As can well be imagined, both Ghosta and John were now murmuring, each with their own special manner of emphasis and intensity, the name of Raymond de Laon; and Friar Bacon, as if to seek still further confirmation of this idea, looked first at Colin and then at Clamp. Both men came so close on getting this faintly interrogative glance that they completely hid the Friar from Ghosta and John, but a double vote of unqualified recognition of Raymond as their Ambassador to Albert of Cologne these two certainly did give; for the voice of Colin seem
ed to flap its wings in widening circles above every back and every head in the place; and the voice of Clamp seemed to drive in one rusty nail after another as he fastened up their decision over the Norman arch of the event.
“Well then, my friends,” cried the Friar, rising from his seat and moving quickly round the two men who were bending over him, “we may take it that our Council chamber has uttered its decisive verdict, and that Raymond de Laon shall be our ambassador to the great Albert in Oxford. Will you convey our request to him, John my lad, and let us know the result as quickly as possible? And now I think I must beg you all to descend to the lower regions of this hospitable Priory; for it is really absolutely necessary for me to finish this page of what I am calling my Opus Major before I sleep tonight; and your arrival, gentlemen, is the cause of this necessity, and I cannot tell you how grateful I am to you all for being this same cause.

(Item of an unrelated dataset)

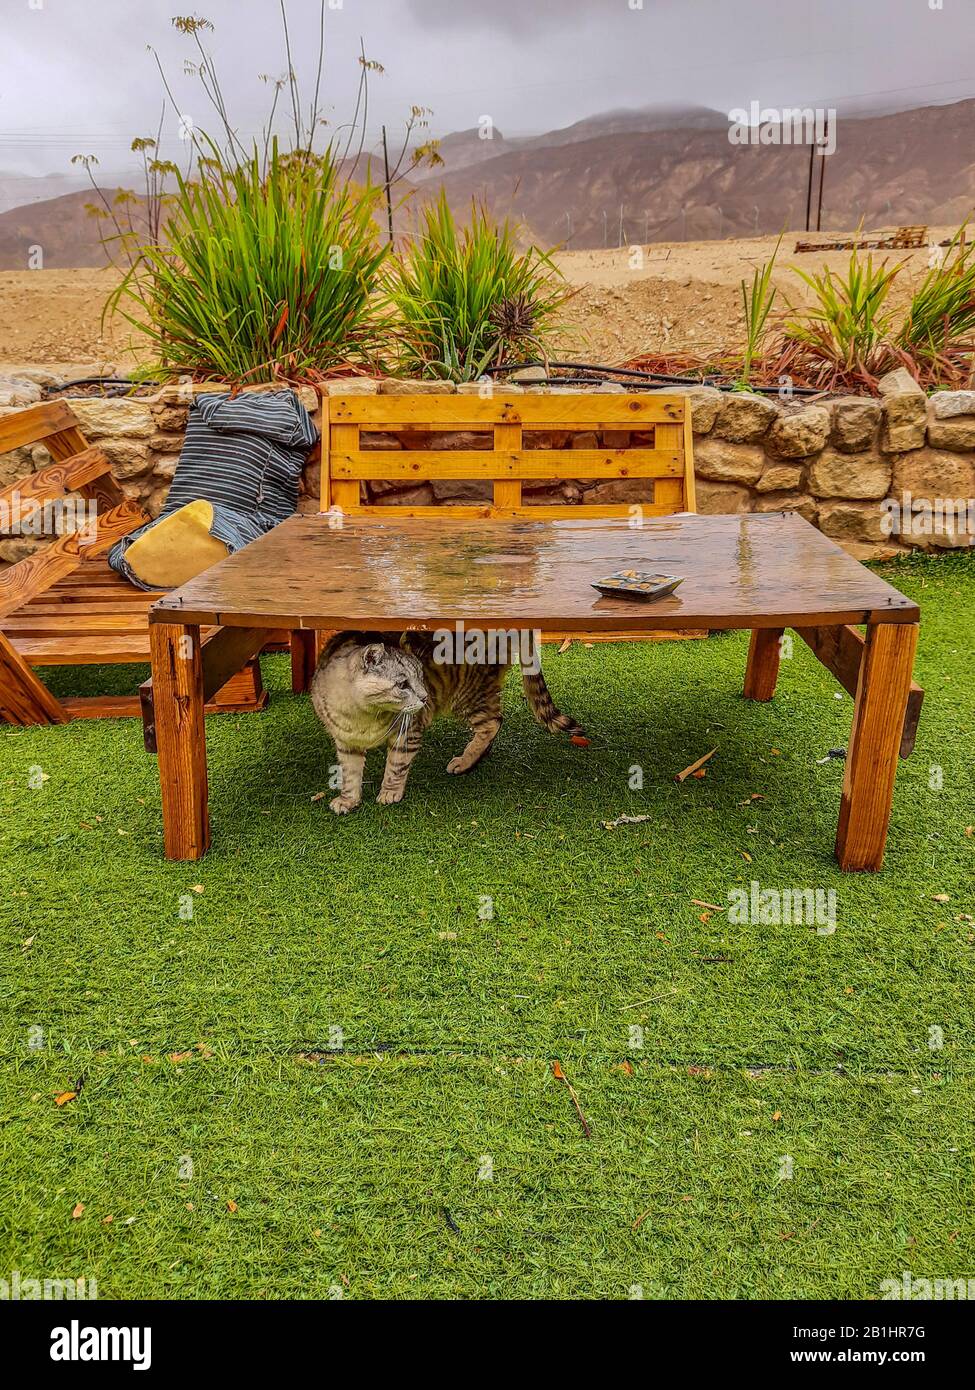 Die arme Katze versteckte sich vor starken Regenfällen unter dem Tisch, nachdem er sich nass fühlte Stockfoto
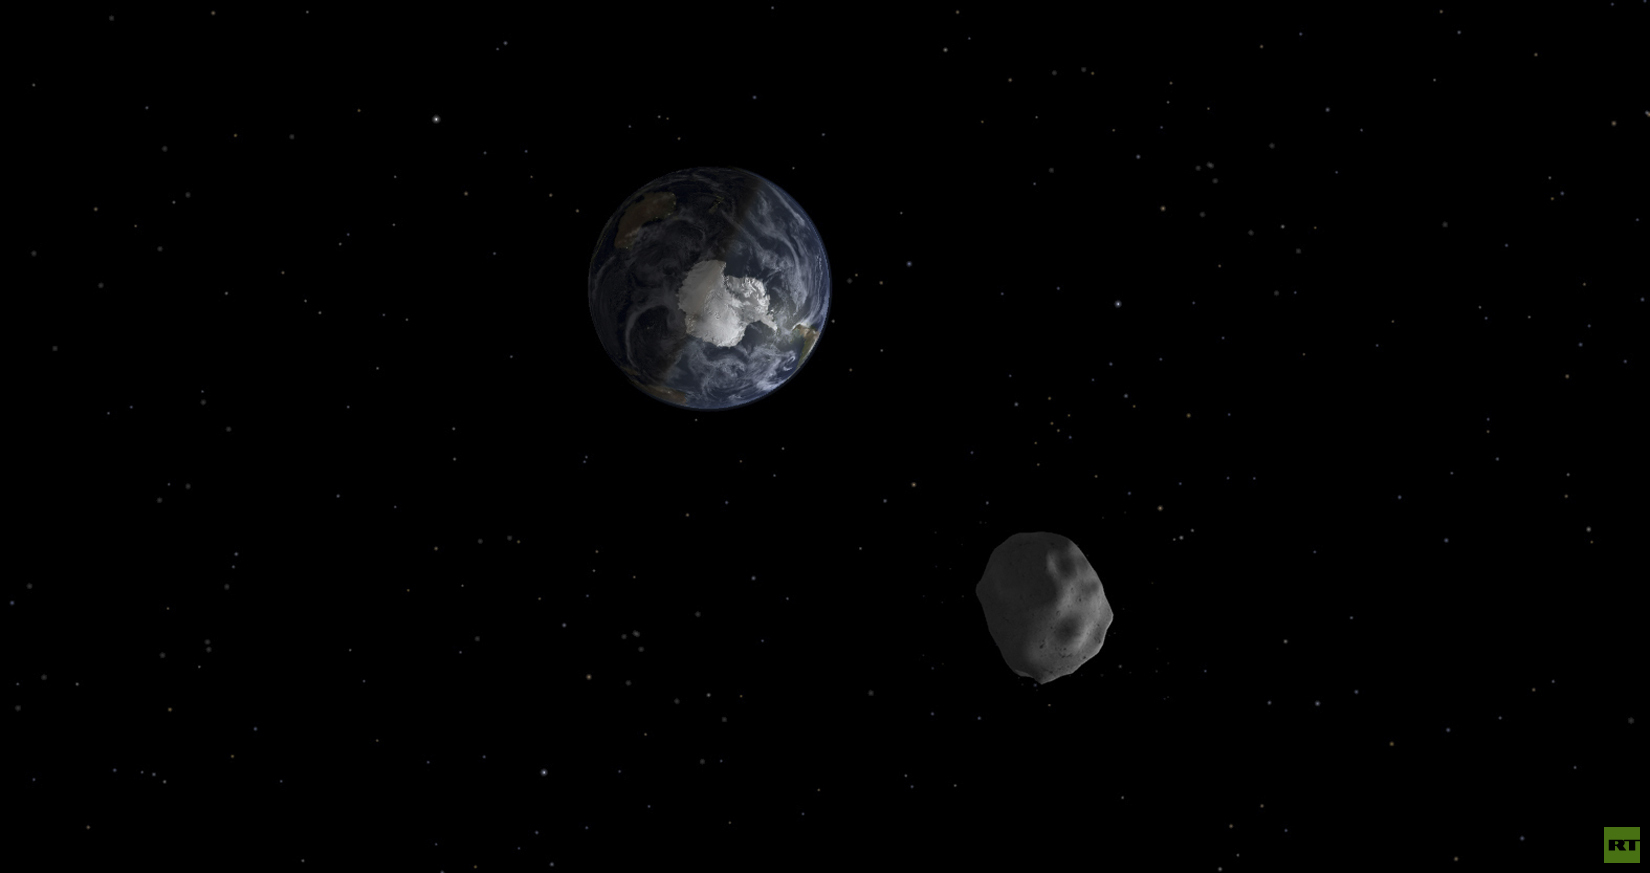 كويكب محتمل الخطورة يقترب من الأرض

“For the real truth is that your sudden appearance and the more than startling interest of what you have announced to me, combined with the expectation of encountering, man to man, he a Dominican and myself a Franciscan, the great Albert of Cologne, has caused me to remember certain intensely important details that I had completely forgotten relating to the journey of Brother William of Rubruck to the Grand Khan at Karakorum in Tartary, where he stayed from December 1253 till July 1254.
“It was Brother William himself when I met him in Paris who told me these things; and although at this moment I was writing about the sermon he told me he preached in Constantinople on Palm Sunday 1253, I had absolutely forgotten that great congress of religions over which the Mongolian Khan presided at Karakorum, a congress of the Mohammedan, Buddhist, and Christian religions, and I really must write about it while it has come back so vividly to my mind. I am sure I would have left out Brother William’s description of that Karakorum congress of religions altogether if our little meeting tonight, and our decision to send an ambassador to bring the head of the Dominicans to deal with the head of the Franciscans, hadn’t stirred up my memory of what the brother told me.”